Full SmartPot deployment planning workflow. Orchestrates station discovery, tidal phase analysis, deployment briefing, and anomaly detection into a single deployment recommendation.

ParameterTypeRequiredDefaultDescription
latitudestryesDeployment latitude (passed as string)
longitudestryesDeployment longitude (passed as string)
soak_hoursstrno"48"Planned soak duration in hours (passed as string)
  1. Station discovery — Uses find_nearest_stations to identify the reference tide station. Notes the distance, since data accuracy decreases beyond ~10 nm from the station.

  2. Tidal phase — Uses tidal_phase to determine the current phase. Deploying during slack or early flood maximizes initial soak productivity.

  3. Deployment briefing — Uses deployment_briefing to get the GO/CAUTION/NO-GO assessment, including tide schedule, wind, temperature, and pressure advisories for the soak window.

  4. Anomaly check — Uses water_level_anomaly on the nearest station to detect storm surge or unusual water level deviations that could affect pot stability or recovery.

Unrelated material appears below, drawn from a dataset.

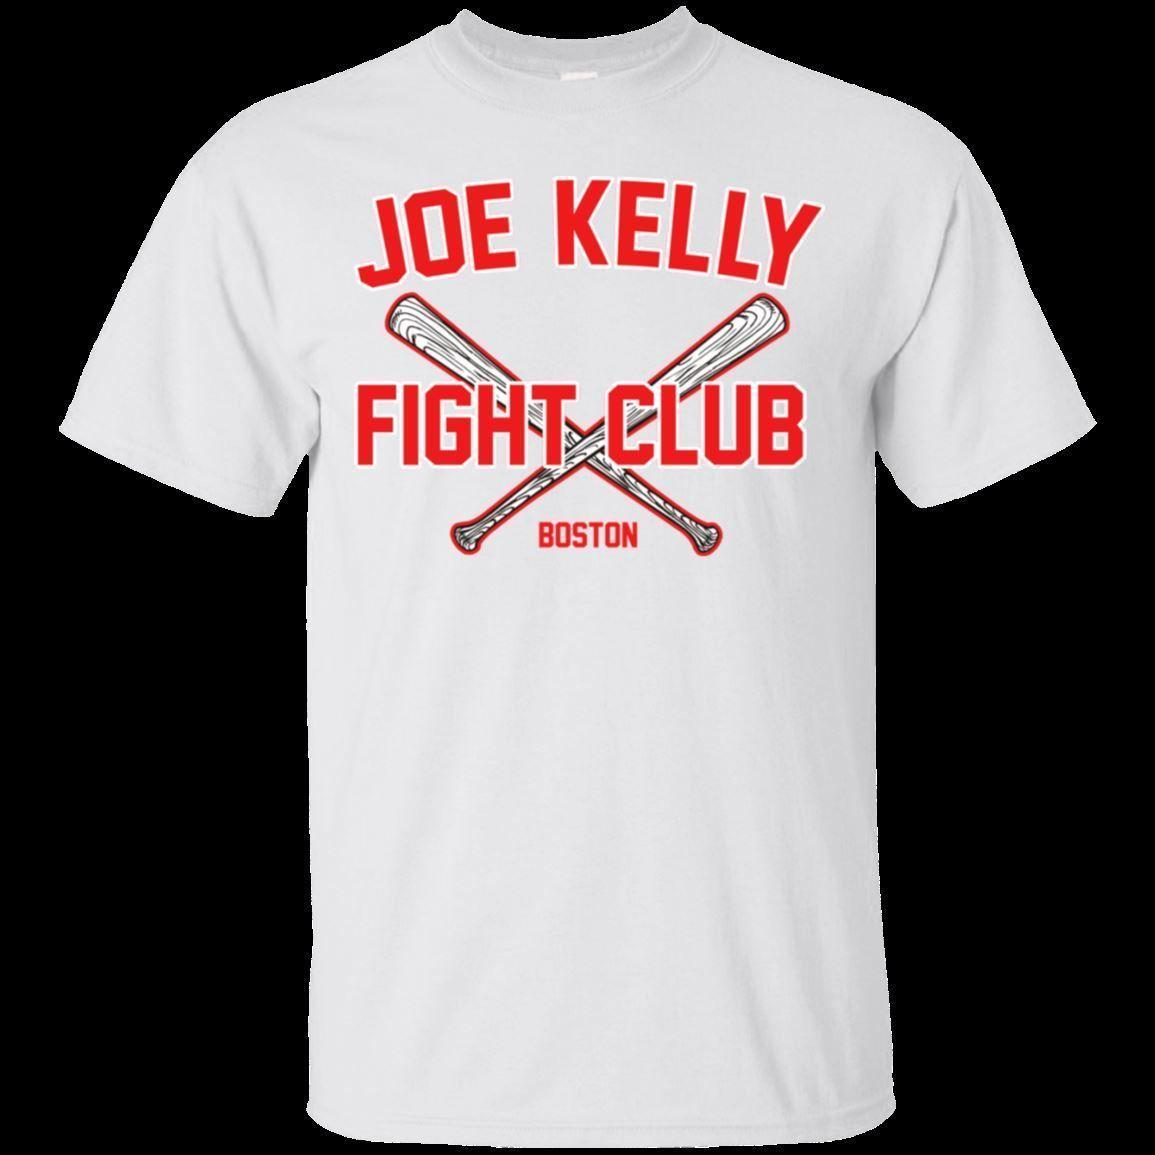 Joe Kelly Fight Club T Shirt Joe Kelly Boston Baseball Men S Tee Shirt  Humorous T Shirt Cool And Funny T Shirts From Goodencounter60 ce135ef793e

  5. Synthesis — Produces a deployment recommendation with:

    • Overall GO/CAUTION/NO-GO with reasoning
    • Optimal deployment window within the next 6 hours
    • Expected tidal cycles during soak
    • Safety or recovery concerns
    • Recommended recovery time based on tide schedule
{
"prompt": "smartpot_deployment",
"arguments": {
"latitude": "47.6",
"longitude": "-122.34",
"soak_hours": "72"
}
}

Guided catch-data analysis with tidal correlation. Helps analyze historical catch events against tidal phases to identify productive patterns.

ParameterTypeRequiredDefaultDescription
events_descriptionstrno""Description of catch data context or data source
  1. Data gathering — Collects catch event data. Each event needs at minimum: timestamp (UTC), latitude, longitude, and catch_count or weight. Additional fields like species, pot_id, and bait_type are preserved.

  2. Tidal enrichment — Uses catch_tidal_context to classify each event as ebb, flood, slack_high, or slack_low with progress through the phase.

  3. Phase aggregation — Groups enriched events by tidal phase and computes average catch per phase, best-performing phase, and catch distribution.

  4. Pattern analysis — Examines whether certain phases consistently outperform, whether there is a sweet spot in phase progress (e.g., early flood vs late flood), and any correlation with tide range (spring vs neap).

  5. Summary — Produces a report with top-performing tidal conditions, recommended deployment timing relative to tide, confidence level based on sample size, and suggestions for future data collection.

{
"prompt": "crab_pot_analysis",
"arguments": {
"events_description": "Three weeks of Dungeness crab catch data from Puget Sound, 6 pots"
}
}

The LLM will prompt for the actual event data (or read it from a provided source), then run the analysis workflow.